Python evaluates a condition and sees whether it is truth-like or not. If it is truth-like, the code in the block is run.

[2]:

if pizzas[0] == "Cheese":
    print("It is cheese, my dudes.")

[3]:

pizzas[0] == "Cheese"

[3]:

False

[4]:

pizzas[1] == "Cheese"

[4]:

True

False and True are variables. They correspond to the possible values a boolean variable can have.

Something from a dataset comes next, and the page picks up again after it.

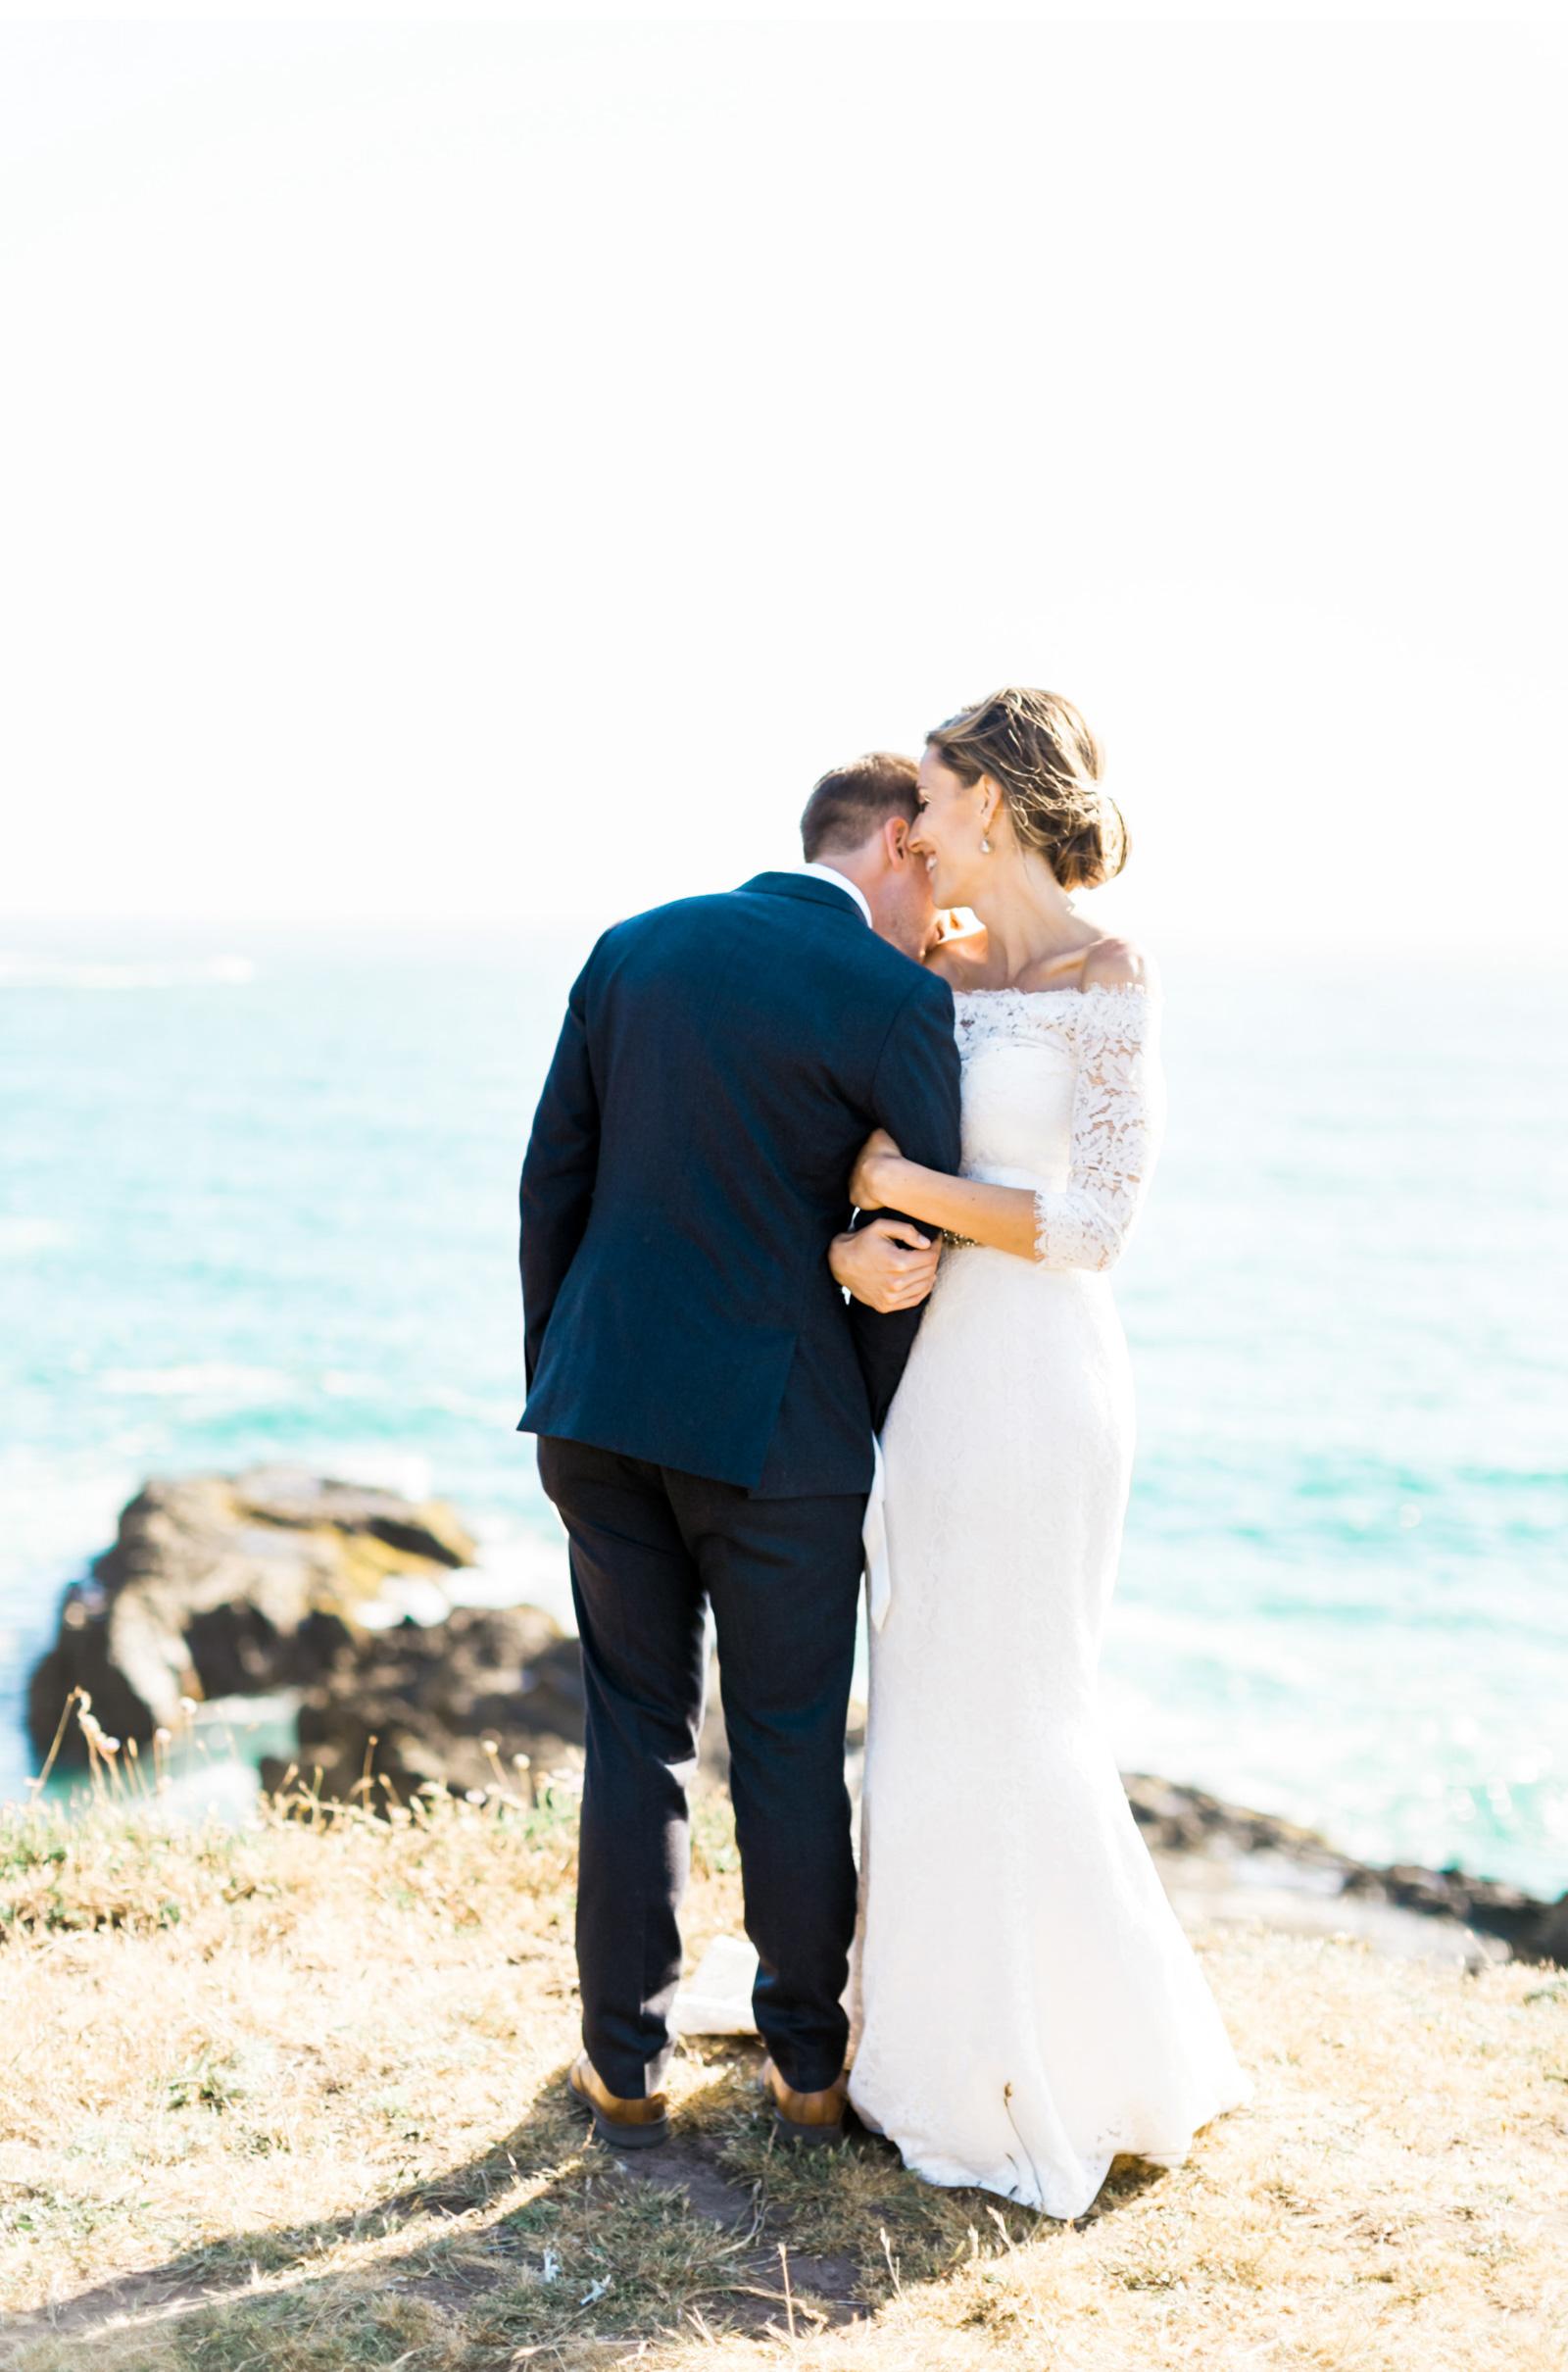 Style-Me-Pretty-Mendocino-Wedding-Natalie-Schutt-Photography_08.jpg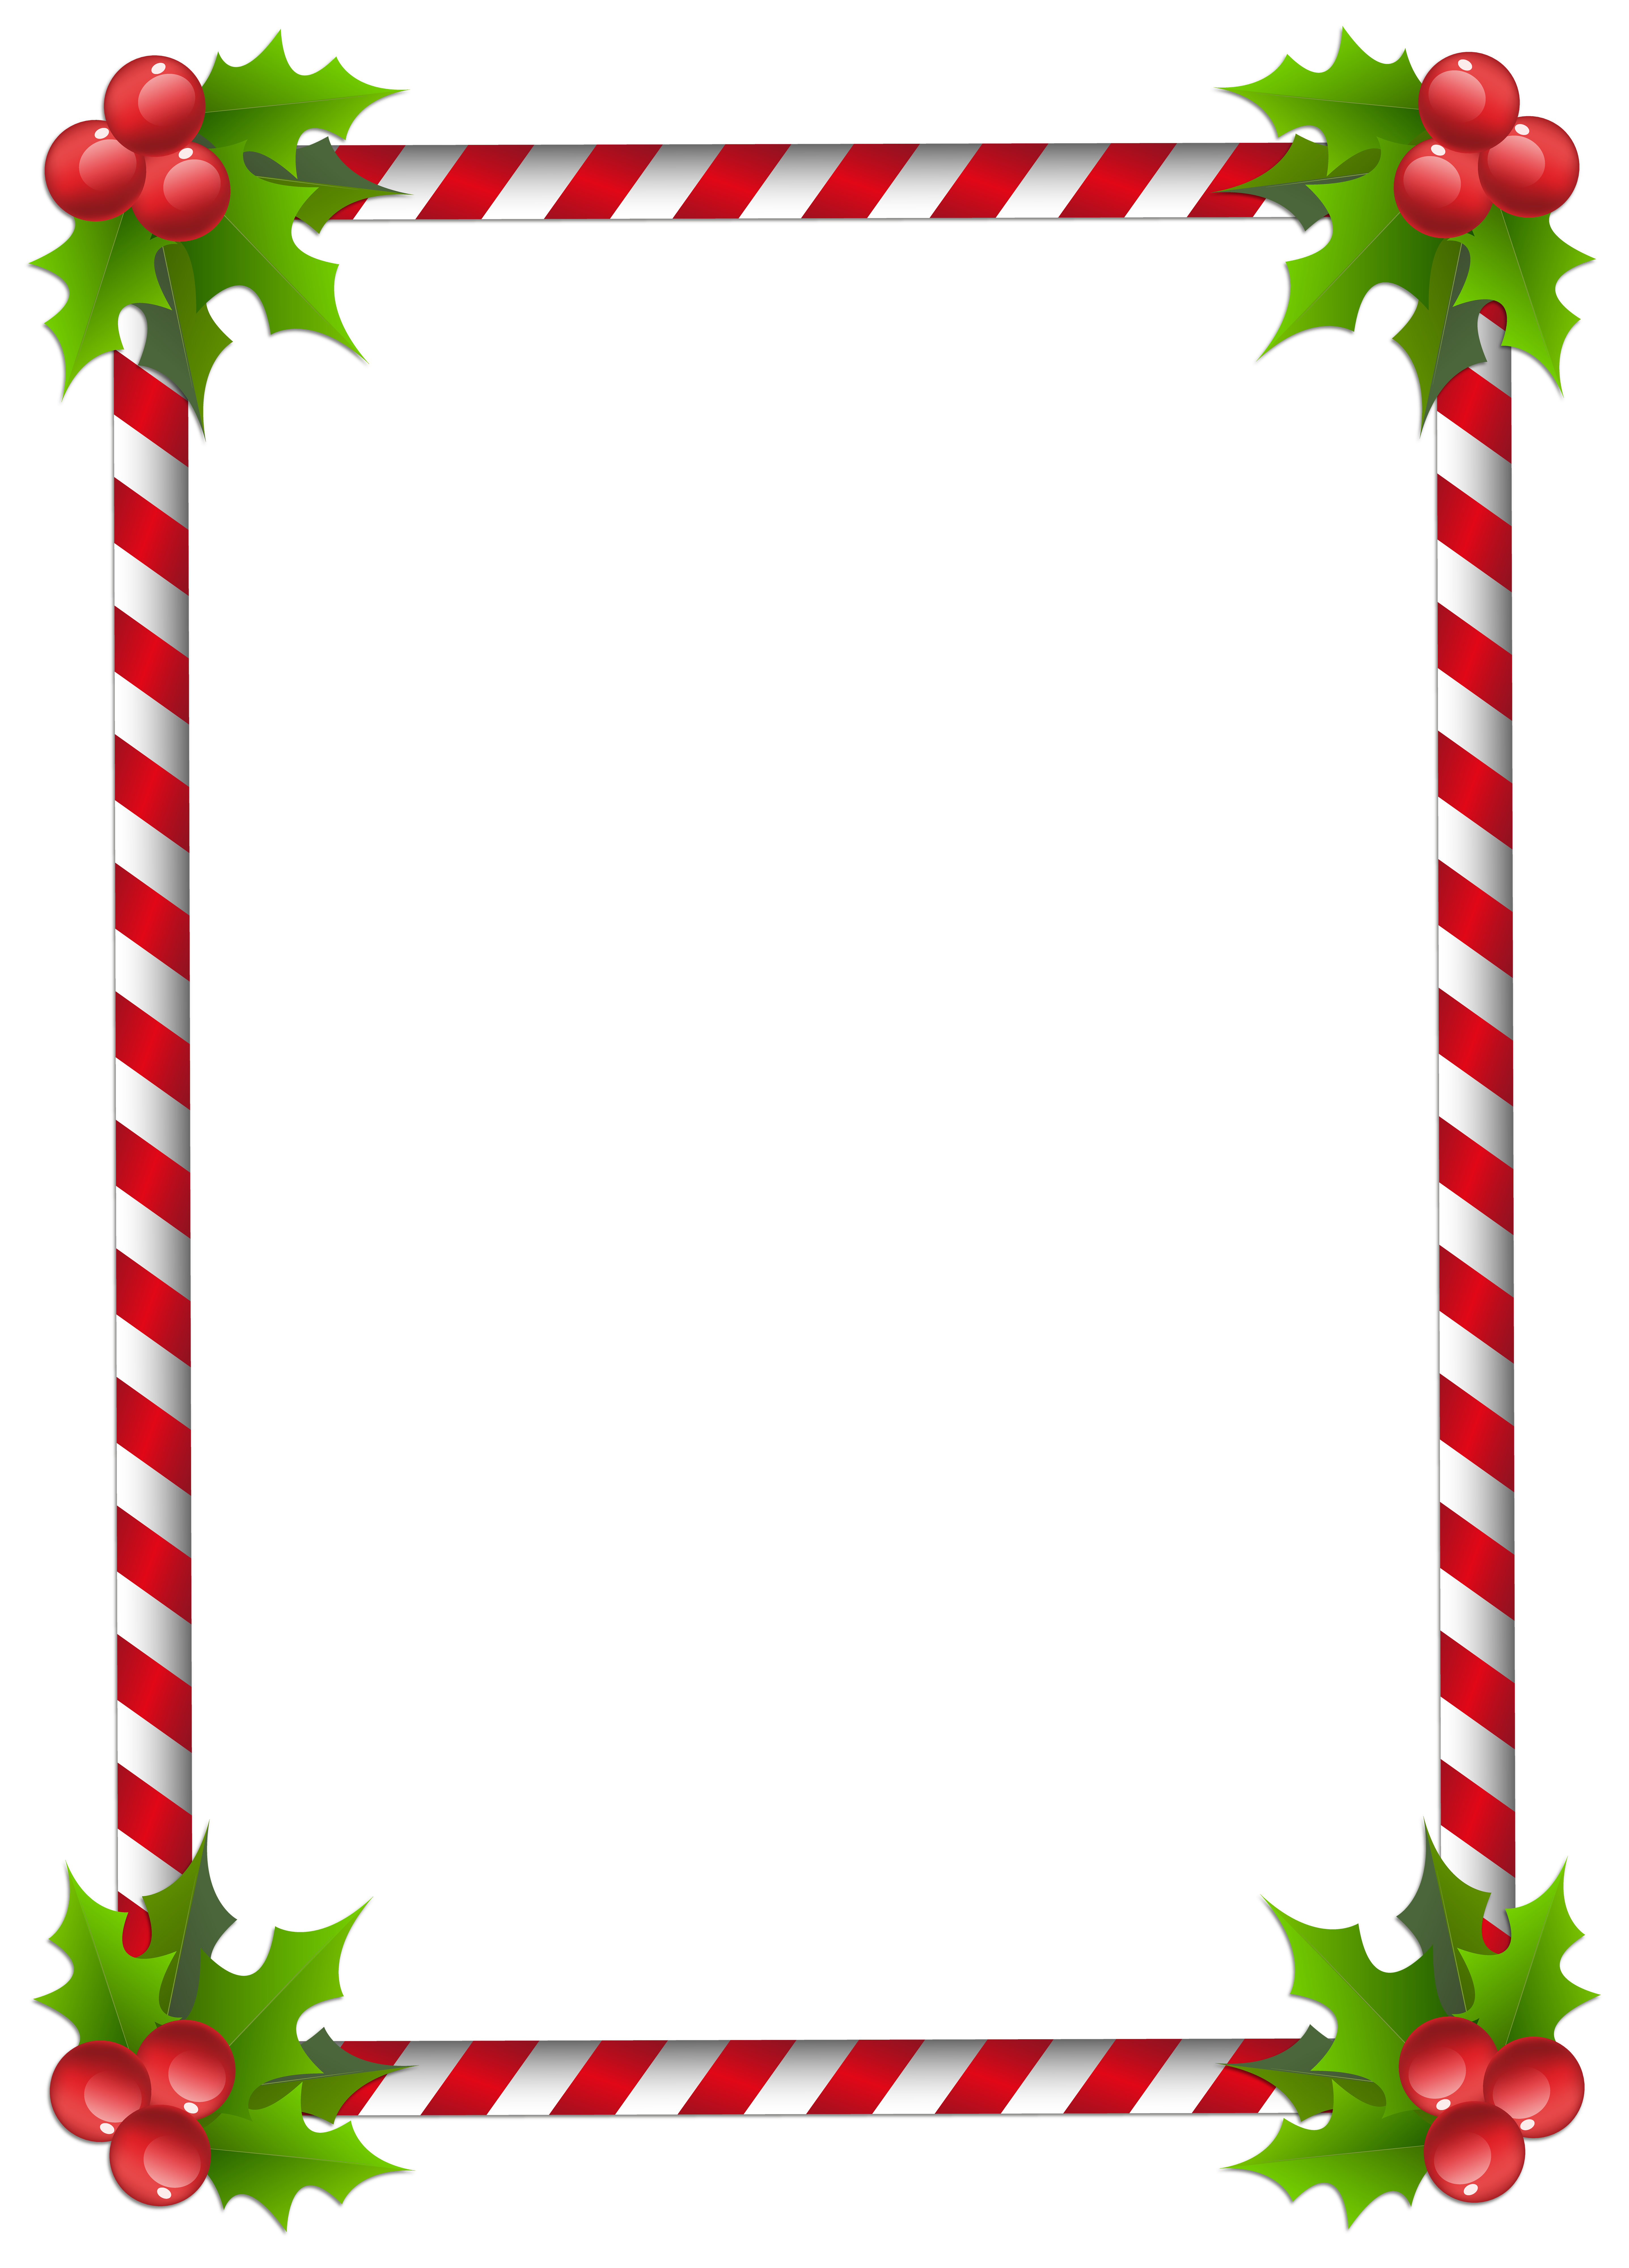 discover ideas about frame border design [ 5746 x 8000 Pixel ]

The result of a comparison is True or False, and we can perform comparisons using several operators, like == for equality, != for inequality, > and < for relative magnitude, and so on.

[5]:

True is False

[5]:

False

[6]:

True is not False

[6]:

True

[7]:

1 > 2

[7]:

False

[8]:

(1 > 2) is False

[8]:

True

This shows that we can combine comparison operators, just like with + and friends. We can also use and to require multiple conditions, or to require at least one, and not to negate a result.

[9]:

x = 2

[10]:

1 < x and x < 3

[10]:

True

[11]:

3 < x or 1 < x

[11]:

True

[12]:

not 1 < x

[12]:

False

Note that and, or and not have lower precedence than >, < and ==, but you can (and in general should) use parentheses to be more explicit.

Exercise

Play around with the booleans and try to answer the following! Can you do

  • double negotiations

  • convert a boolean to an integer

  • use parentheses to create a more complicated expression

Of course, we can compare everything we have played around with so far.

[13]:

x = [1, 2]
y = [1, 2]
z = {"hero": "thor"}

[14]:

x == y

[14]:

True

[15]:

y == z

[15]:

False

For collection objects like lists, tuples, and dictionaries, we can easily ask them if they contain something in particular using the in operator.

[16]:

3 in x

[16]:

False

[17]:

2 in y

[17]:

True

[18]:

"thor" in z

[18]:

False

The last statement is False because in queries a dictionaries keys, not its values. This is useful if you want to access a key in a dictionary that might not exist:

[19]:

z["pizza"]

---------------------------------------------------------------------------
KeyError                                  Traceback (most recent call last)
Cell In[19], line 1
----> 1 z["pizza"]

KeyError: 'pizza'

[20]:

if "pizza" in z:
    print("We have pizza", z["pizza"])
else:
    print("No pizza :(")

No pizza :(

Note that in doesn’t dive into nested collections, but only looks at the top level.

[21]:

1 in [[1, 2], [3, 4]]  # the elements are two lists

[21]:

False

[22]:

[1, 2] in [[1, 2], [3, 4]]

[22]:

True

Advanced (skip on first read)

Find the double-underscore method on lists and dictionaries that corresponds to the in operator, and check that it does the same thing as the operator.

Solutions

Taking lists as an example, the dir method can tell us what methods are available. The __contains__ method sounds promising.

[23]:

x = [1]

[24]:

x.__contains__(1)

[24]:

True

[25]:

x.__contains__(2)

[25]:

False

Strings work a lot like lists, which makes sense because they are effectively collections of single characters. This means we can also query string contents with in.

[26]:

fact = "The best hero is Thor."

[27]:

"Thor" in fact

[27]:

True

[28]:

"Iron Man" in fact

[28]:

False

Truthiness

It’s conventional not to explicitly compare a condition to True, because the if statement already does that for us.

[29]:

if ("Pineapple" in pizzas) is True:
    print("Weird.")

Weird.

[30]:

if "Pineapple" in pizzas:
    print("Not weird.")

Not weird.

Likewise, rather than comparing for False, we just use not.

[31]:

if ("Pineapple" in pizzas) is False:
    print("Weird.")

[32]:

if "Pineapple" not in pizzas:
    print("Not weird.")

[33]:

"Pineapple" not in pizzas  # not ('Pineapple' in pizzas)

[33]:

False

[34]:

"Pineapple" not in pizzas

[34]:

False

The last two lines show that we can use not in for checking that something is not in a collection. This reads more naturally.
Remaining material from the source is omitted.